The people in our industry are prone to adopting the new, trendy thing for all the wrong reasons. And I'm not taking just about frameworks. It also includes languages, methodologies, libraries, tools, management fads, and more. If it's new and it's got buzz we're trying it in production systems regardless of what our stakeholders think. Read You Should Build your Next App on a Boring Stack for more details.

If the stakeholders in most projects considering a new technology were consulted in a meaningful way most of them wouldn't want the risk of new and shiny. Most projects need risk reduction and schedule predictability more than they need innovation in their stack.

As a manager, I've shot down many proposals like this. The devs don't like it but I tell them that we are here to make money and meet management objectives and that they should experiment with any technology they want on their personal time.

I'm not saying that we never do anything new but my default answer of "no" to the shiny and new thing keeps us from changing without a good reason.

I think you've brought up another important dimension here.
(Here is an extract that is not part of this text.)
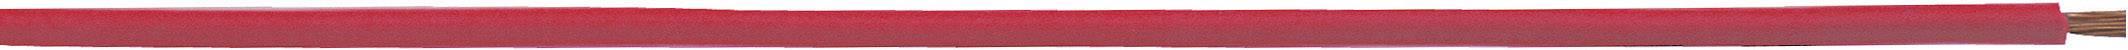 Opletenie / lanko LappKabel 4510141 H05V-K, 1 x 0.50 mm², vonkajší Ø 2.10 mm, 100 m, tmavomodrá

The engineers building a chemical processing plant have an expected lifetime in mind that's likely several decades. They are being paid to make sure the plant is maintainable for it's entire anticipated operating life. I've rarely met a software developer that even considers that.

On one project I worked on we had an explicit expected lifetime of 15-20 years. So every time we looked at adding a new library or tool we considered the probability that it would still be around in 20 years and what we would have to do if it wasn't. That consideration radically changed our decision making process--we became much more conservative.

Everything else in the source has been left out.